What is clear, however, is that Hone and Vocal are working in a highly specific gray area, where FEC rules and TikTok guidelines don’t quite reach. The videos I was sent clearly promote specific, partisan causes—legislation championed by the Biden White House, its Supreme Court nominee, and, from the Swift influencer, a link to Vote Save America, the Crooked Media project, along with the caption, “Swifties, you know what to do.” But because they’re not out-and-out campaign ads for a specific candidate, they’re unlikely to attract regulatory attention from either the FEC or TikTok. 

In the meantime, the ads contribute to a more insidious problem: It’s genuinely difficult on TikTok to understand if the content you’re watching is paid for or sponsored by a third party. Unless you’re shilling toothpaste or tummy tea—in other words, products and services, which the Federal Trade Commission has delivered very clear guidelines to influencers about—disclosure rules still appear to be lightly enforced. And as TikTok becomes an increasingly powerful platform for younger audiences—and as we head into yet another hellish election cycle—it’s clear that the bargain influencers are striking with their sponsors may not be a particularly good deal for the rest of us. 

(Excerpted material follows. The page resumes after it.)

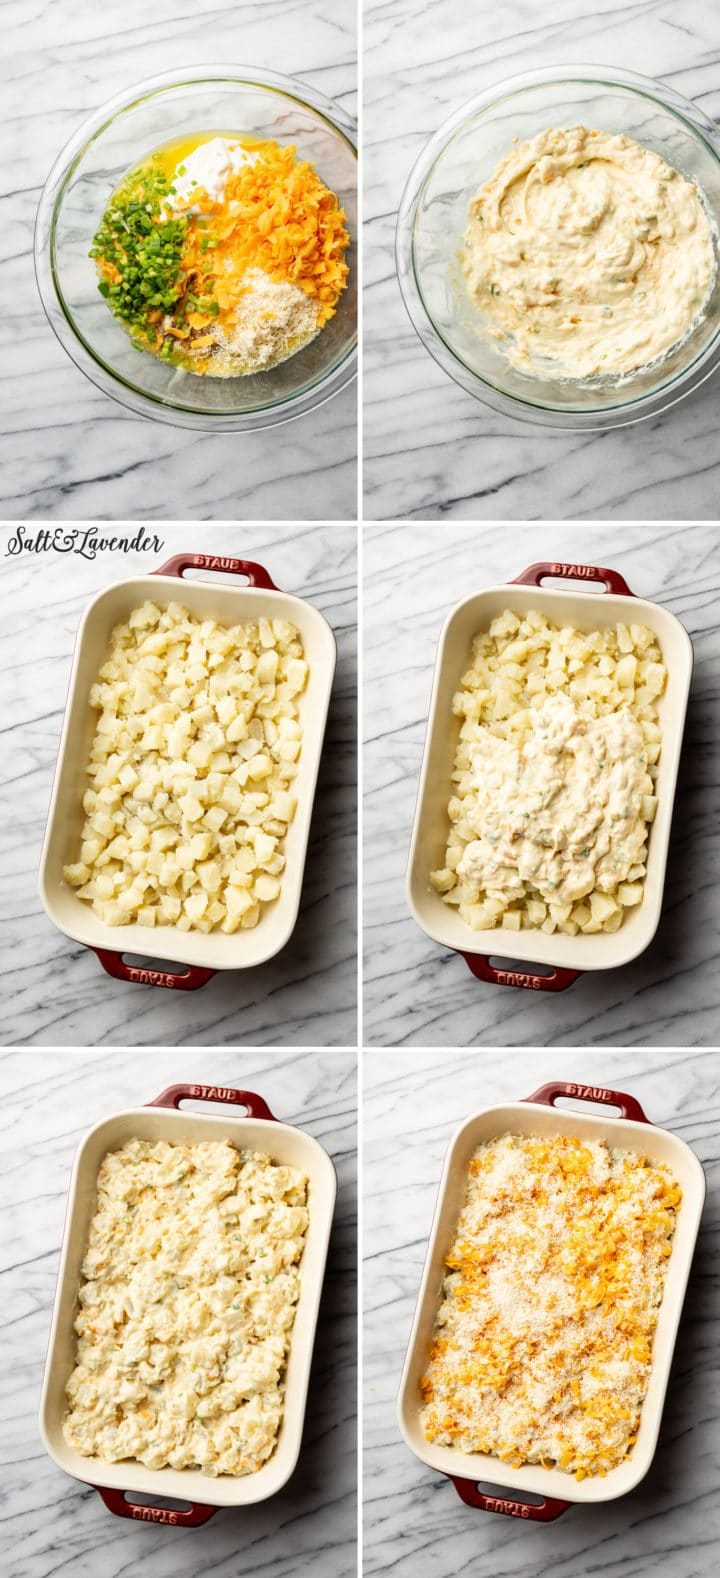 how to make cheesy potato casserole process photo collage

If you were to visit Vocal Media’s website today hoping for more insight on any of this, you’d be temporarily out of luck. When we began our reporting last week, Vocal’s website (Vocalmedia.io) listed the company’s past partners (cached here) and described it as “a creative partner that brings compelling stories & innovative engagement strategies to our network of digital creators. We instigate viral conversations on social media platforms that tap into the power of thriving, diverse, online communities.” (That indelible language is also cached.)

Some time in the last few days, Vocal’s website began rerouting to a different site, Vocal-media.io. That em-dash contains a world of difference: Where there was once a wealth of detail on what Vocal is doing and how it proposes to do it, along with a lengthy list of all the progressive groups with which it partners, the new site reads, simply, “Make your campaigns heard through real voices,” followed by, “Coming very soon.” Karp claimed that this was part of a planned changeover from a Squarespace site to a custom one. “Look for the full new website,” he said, “in a few weeks.”